This is David Schultz's swapoff code which I am finally able to commit.
This should be considered highly experimental for the moment.

Submitted by: David Schultz <dschultz@uclink.Berkeley.EDU>
MFC after: 3 weeks


# 1c865ac7 22-Oct-2002 John Baldwin <jhb@FreeBSD.org>

- Check that a process isn't a new process (p_state == PRS_NEW) before
trying to acquire it's proc lock since the proc lock may not have been
constructed yet.
- Split up the one big comment at the top of the loop and put the pieces
in the right order above the various checks.

Reported by: kris (1)


# d524d69b 14-Oct-2002 Julian Elischer <julian@FreeBSD.org>

Remove old useless debugging code


# 37c84183 28-Sep-2002 Poul-Henning Kamp <phk@FreeBSD.org>

Be consistent about "static" functions: if the function is marked
static in its prototype, mark it static at the definition too.

Inspired by: FlexeLint warning #512


# 05ba50f5 21-Sep-2002 Jake Burkholder <jake@FreeBSD.org>

Use the fields in the sysentvec and in the vm map header in place of the
constants VM_MIN_ADDRESS, VM_MAXUSER_ADDRESS, USRSTACK and PS_STRINGS.
This is mainly so that they can be variable even for the native abi, based
on different machine types. Get stack protections from the sysentvec too.
This makes it trivial to map the stack non-executable for certain abis, on
machines that support it.


# 71fad9fd 11-Sep-2002 Julian Elischer <julian@FreeBSD.org>

Completely redo thread states.

Reviewed by: davidxu@freebsd.org


# b1f99ebe 09-Sep-2002 Seigo Tanimura <tanimura@FreeBSD.org>

- Do not swap out a process if it is in creation. The process may have no
address space yet.

- Check whether a process is a system process prior to dereferencing
its p_vmspace.

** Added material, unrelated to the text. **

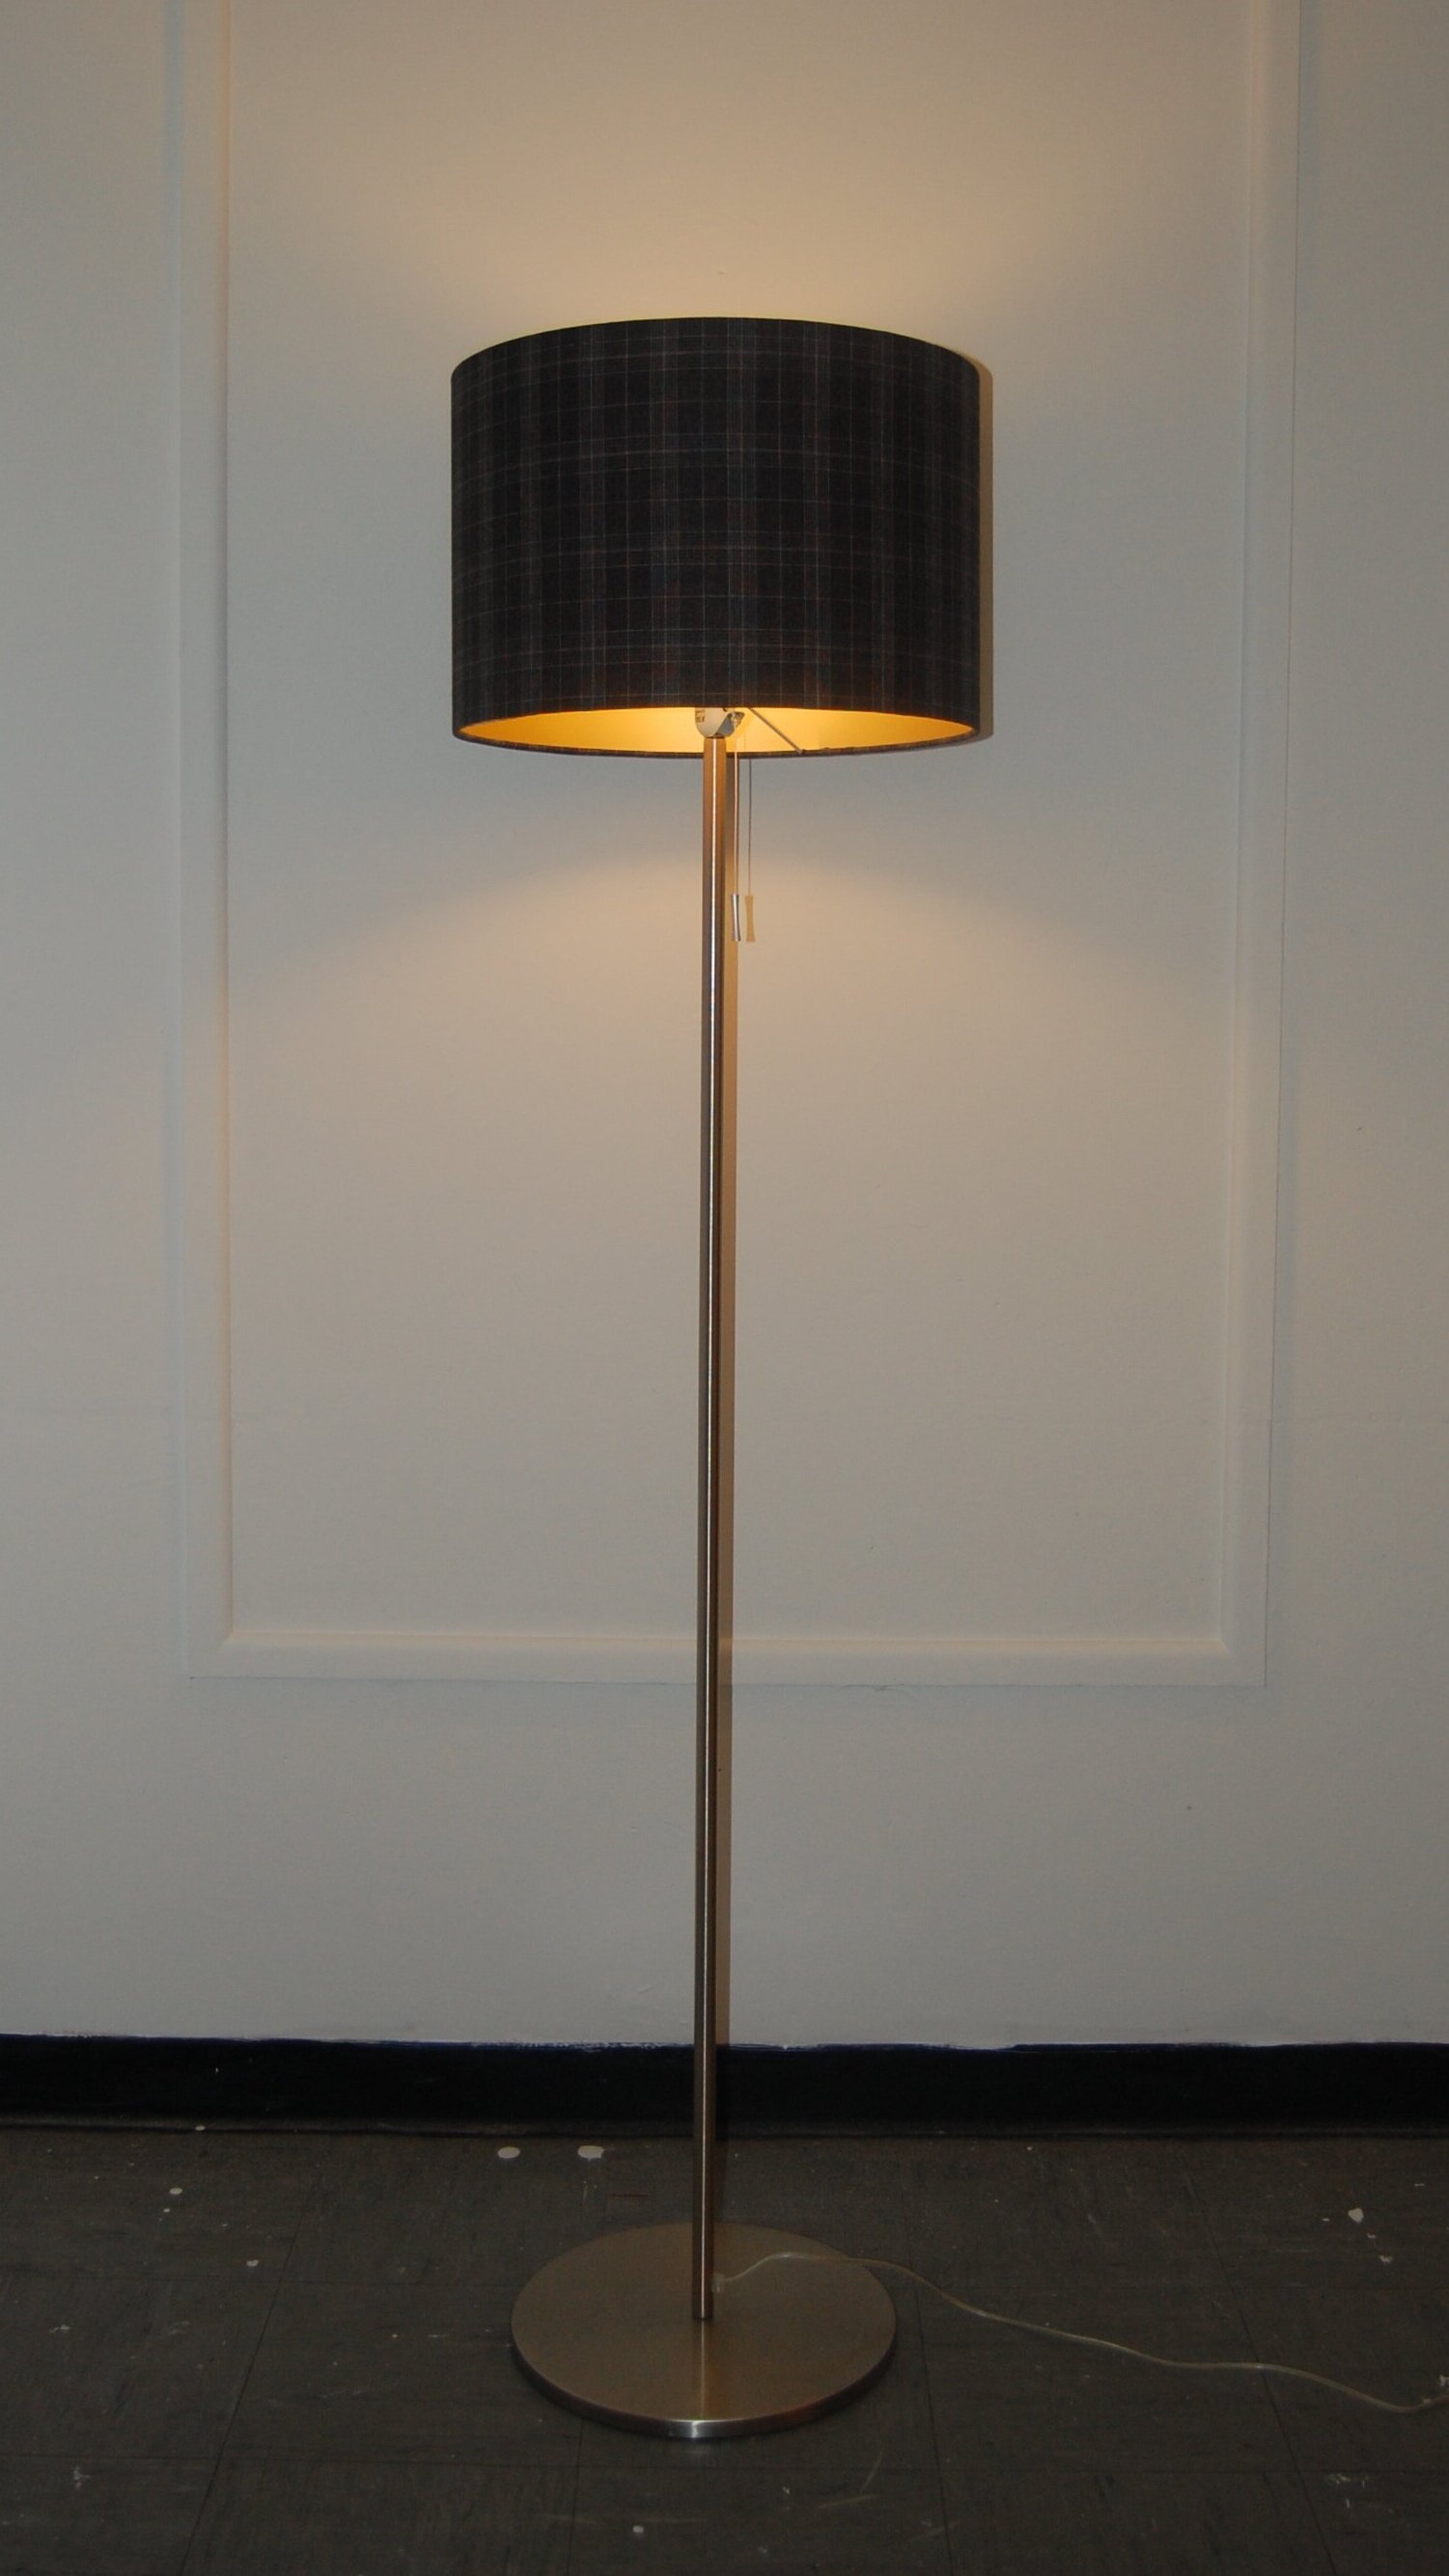 Bespoke Floor Lamp Shades And Standard, How To Change Floor Lamp Shade

Aio assumes that only the curthread switches the address
space of a system process.


# 1faf202e 06-Sep-2002 Julian Elischer <julian@FreeBSD.org>

Use UMA as a complex object allocator.
The process allocator now caches and hands out complete process structures
*including substructures* .

i.e. it get's the process structure with the first thread (and soon KSE)
already allocated and attached, all in one hit.

For the average non threaded program (non KSE that is) the allocated thread and its stack remain attached to the process, even when the process is
unused and in the process cache. This saves having to allocate and attach it
later, effectively bringing us (hopefully) close to the efficiency
of pre-KSE systems where these were a single structure.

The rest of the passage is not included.